We also facilitate the use of Mie-modeling software for users to calibrate scatter and fluorescent intensities using FCMPASS. Based on Mie theory, FCMPASS calculates the angular scattering of particles, solid spheres (e.g., polystyrene beads), and core-shell particles like EVs. This helps determine the effective scattering cross-section for flow cytometers. By understanding the relationship between particle size, refractive index, and light scattering, users can accurately report the size of sub-micron particles, standardize measurements, and identify particles without labels using the CytoFLEX nano flow cytometer. The software converts median scatter intensities in arbitrary units to size in nanometers.

This method is explained in the application note CytoFLEX nano: Calibrating Light Scatter Data to Diameter using FCMPASS and is one among the several methods researchers use to estimate size from scatter intensities (MFI).

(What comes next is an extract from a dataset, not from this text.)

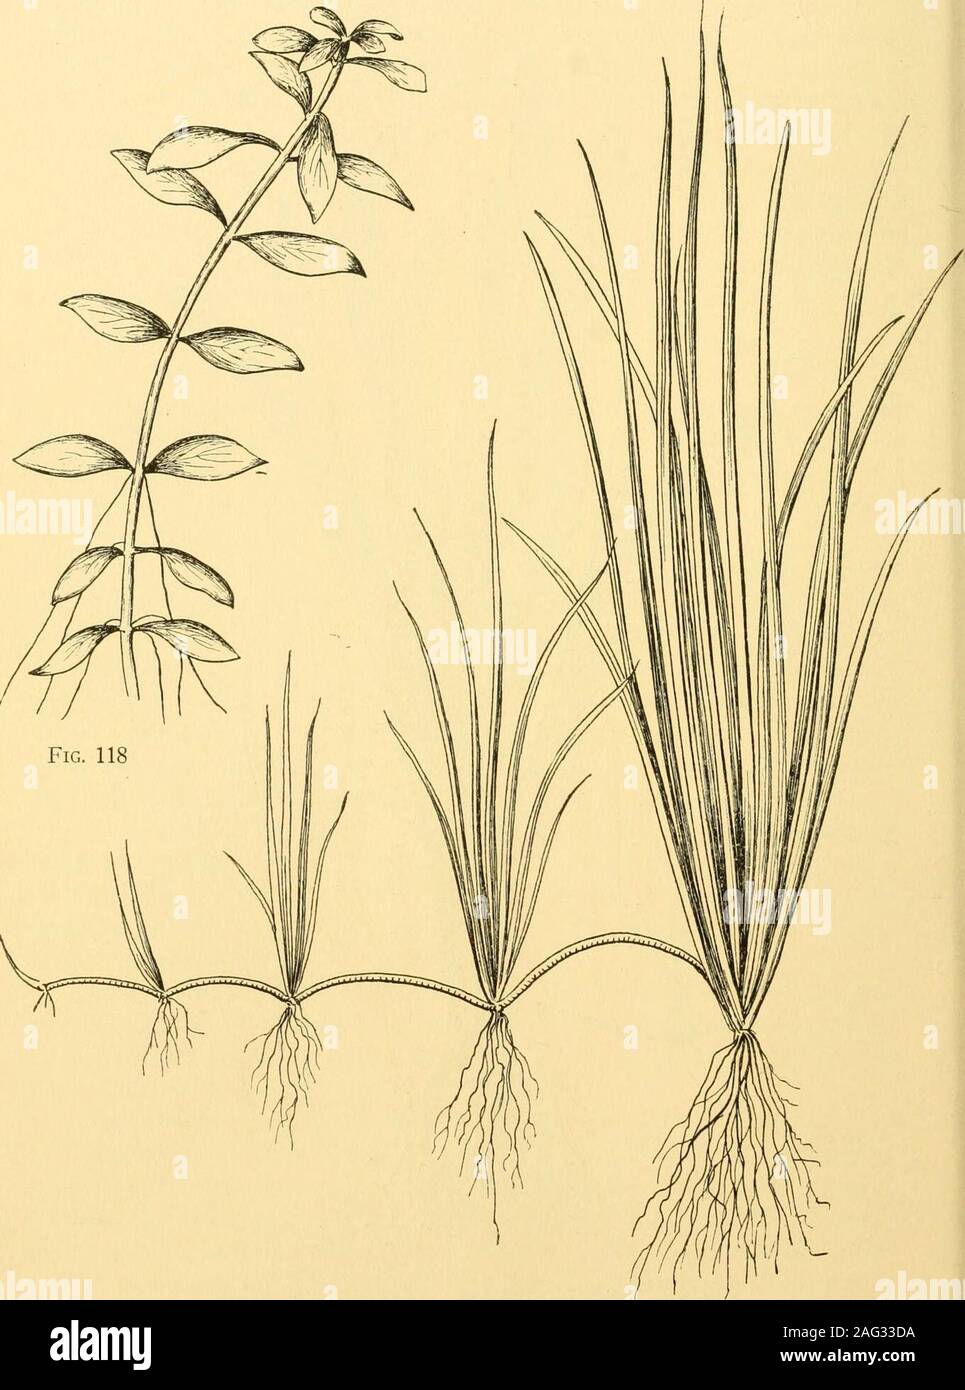 . Goldfish varieties and tropical aquarium fishes; a complete guide to aquaria and related subjects. Fig. 116. Giant Sagittaria (Reduced one-half) 168 GOLDFISH VARIETIES AND. Fig. 117. Sagittaria subulata [Piisilla] (h^atural sice)Fig. 118. Wild Ludwigia (L. glandiilosa) TROriCAL AQUAIULM FISHES 169 Stock Photo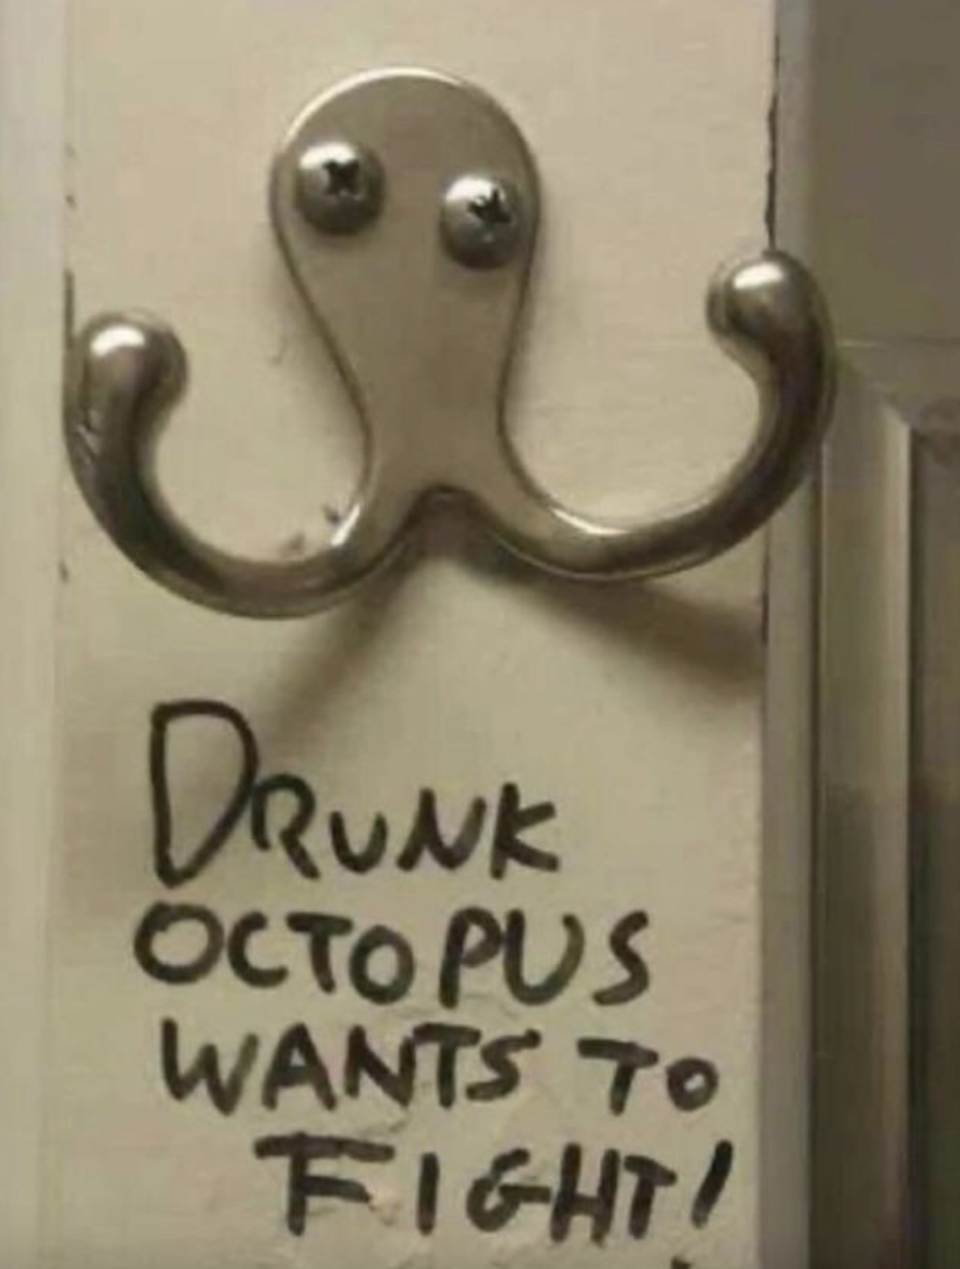 "Drunk Octopus Wants to Fight!"

Note: Beckman Coulter does not endorse any specific method for converting flow cytometry data to size; this method is shown only as an example.

Conclusion

Standardizing CytoFLEX nano flow cytometer data into standard units enhances the value and comparability of small particle research data. This process aligns with guidelines provided by MISEV and MIFlowCyt-EV to ensure repeatability, verifiability, and traceability in scientific research involving EVs and other submicron particles.

References

1. Edwin van der Pol, Joshua A. Welsh, Rienk Nieuwland. Minimum information to report about a flow cytometry experiment on extracellular vesicles: Communication from the ISTH SSC subcommittee on vascular biology. J Thromb Haemost. 2022 Jan;20(1):245-251.
2. Banat Gul, Feryal Syed, Shamim Khan, et al. Characterization of extracellular vesicles by flow cytometry: Challenges and promises. Micron. 2022 Oct:161:103341.
3. Joshua A Welsh, Ger J A Arkesteijn, Michel Bremer, et al. A compendium of single extracellular vesicle flow cytometry. J Extracell Vesicles. 2023 Feb;12(2):e12299.
4. Joshua A Welsh, Edwin Van Der Pol, Ger J A Arkesteijn et al. MIFlowCyt-EV: a framework for standardized reporting of extracellular vesicle flow cytometry experiments. J Extracell Vesicles. 2020 Feb 3;9(1):1713526.

For Research Use Only. Not for use in diagnostic procedures.